FORMULA FOR A PLUS B THE WHOLE SQAURE

Expand the following :

Problem 1 :

(3m + 5)²

Solution :

= (3m + 5)²

Using the algebraic identity

(a + b)² = a² + 2ab + b²

Here a = 3m and b = 5

(3m + 5)² = (3m)² + 2(3m)(5) + 5²

 = 3²m² + 30m + 25

= 9m² + 30m + 25

Example 2 :

x² + kx + 9 = (x + a)²

In the equation above, k and are positive constants. If the equation is true all values of x, what is the value of k ?

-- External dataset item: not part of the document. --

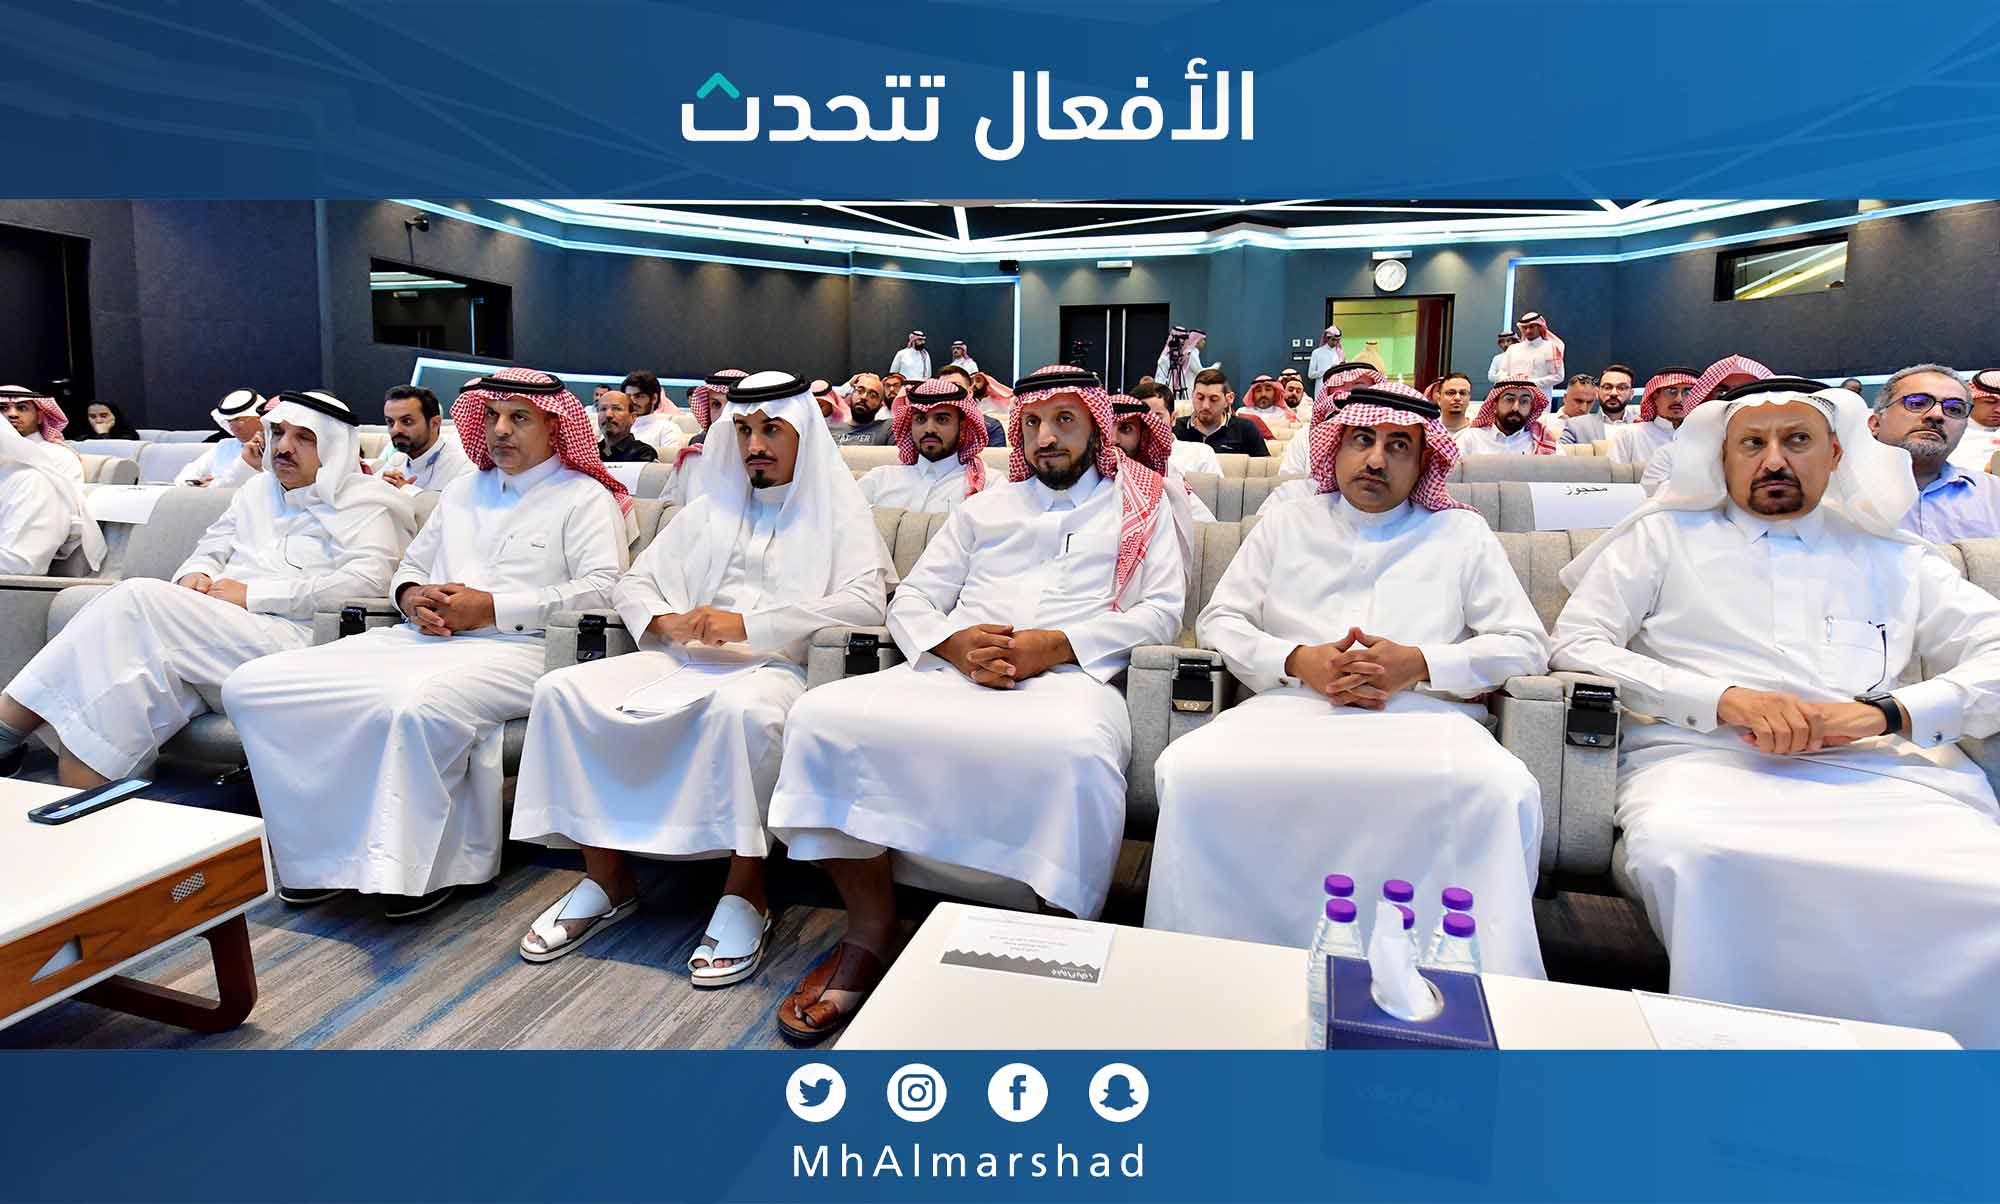 حضور واسع من المهتمين، ونقاش هادف خلال الورشة التعريفية المنعقدة اليوم بـ #غرفة_الرياض عن (كود البناء السعودي وإجراءات رخص البناء)

(a)  0   (b) 6    (c)  3  (d) 9

Solution :

x² + kx + 9 = (x + a)²

Expand (x + a)² using algebraic identity, we get

x² + kx + 9 = x² + 2ax + a²

By comparing the corresponding terms, we get

a² = 9 ---(1) and 2a = k ---(2)

a = 3

By applying the value of a in (2), we get

2(3) = k

k = 6

So, the value of k is 6.

Example 3 :

Which of the following is equivalent to (√a + 2√b)² for all positive values of a and b ?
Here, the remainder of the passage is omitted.